“Ah! my dear Wilfrid,” he sighed. “It is really terrible—too terrible.”
“This is not the moment to discuss the affair. We must act,” I urged, and together we got over a gate and turned into a grass field which was a shorter cut to the wood.
“This way,” my friend directed. “The spot is up at that corner,” pointing away up the hill, where the wood loomed darkly against the sky.
Truth to tell, I shared Eric’s fear that Harris or one of his sons might be lurking in the neighbourhood, yet I said nothing. My only thought was for the woman who had been my friend, my playmate, the dainty love of my early youth. She might be all that her enemies said of her, yet for her mother’s sake, for Jack’s sake, I meant—if possible—to save her.

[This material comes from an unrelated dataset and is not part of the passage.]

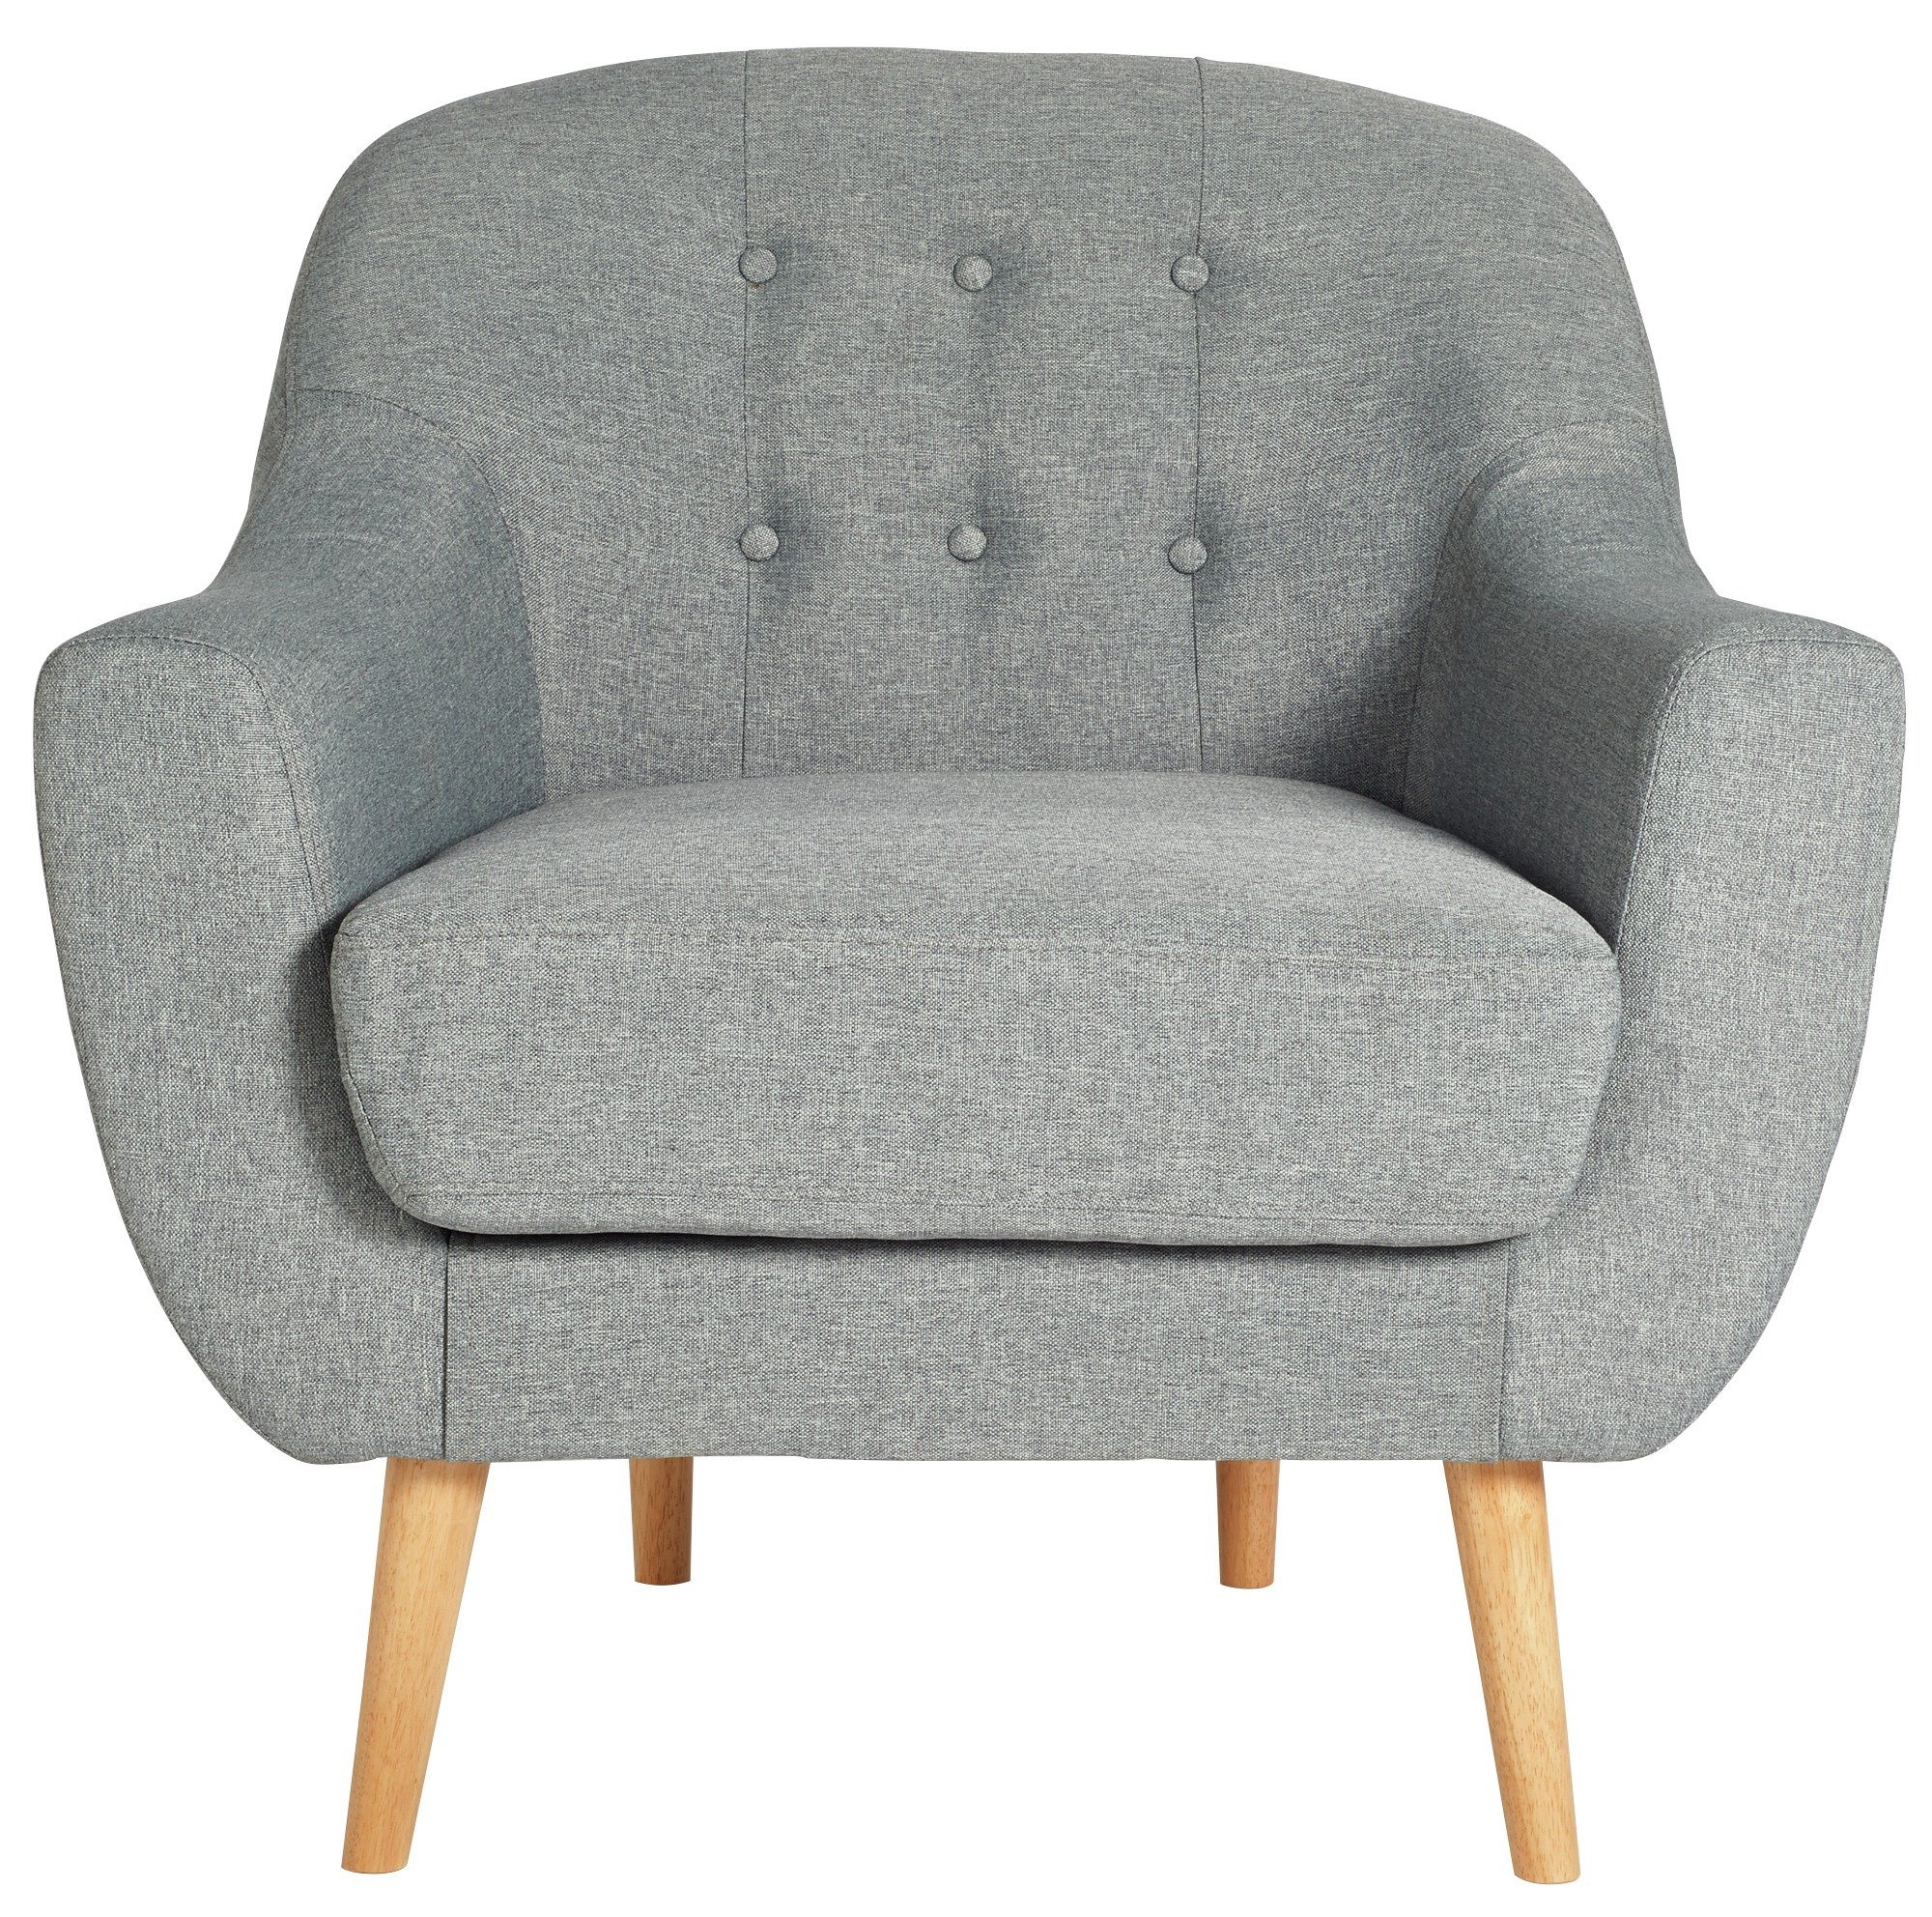 Hygena Lexie Fabric Chair   Light Grey

Keeping in the shadow of the hedgerows and walls, I allowed my companion to direct my footsteps. With his long practice in those boundless forests of eternal night in Equatorial Africa, he had learnt how to creep along with scarce a sound. He motioned to me to be silent, and presently we crossed the big turnip field and entered the thicket at the point where he had entered it that afternoon.
“This will destroy my track,” he whispered. “Tread always on your toes.”
His example I followed, malting my way through the brambles and undergrowth until, of a sudden, we came out into a small open space beneath some big trees on the edge of the wood itself, and there upon the ground I saw something lying. In the darkness I could not distinguish what it was, but Eric advanced slowly, and bending, turned to me, saying in a low whisper,—
“Here it is. But how can we search him without a light? If we strike a match it can be seen by anyone coming up the hill.”
I knelt at his side and ran my hands over the cold corpse. Ah! it was a gruesome moment. My eager fingers unbuttoned his jacket that was wet and clammy with blood, and quickly I put my fingers in his inner pocket. Yes! there were papers there. Quick as thought I thrust them into my own pocket, and then in the darkness searched his clothes thoroughly. In his hip-pocket I felt a small leather wallet or card-case, and in his left-hand trousers pocket was a pen-knife, both of which I secured; while Eric, making another search of his waistcoat, discovered an inner pocket which contained some paper or other, which he handed to me.
To search a dead man in the darkness is not the easiest thing, and even though we had gone through his pockets, yet I was not satisfied.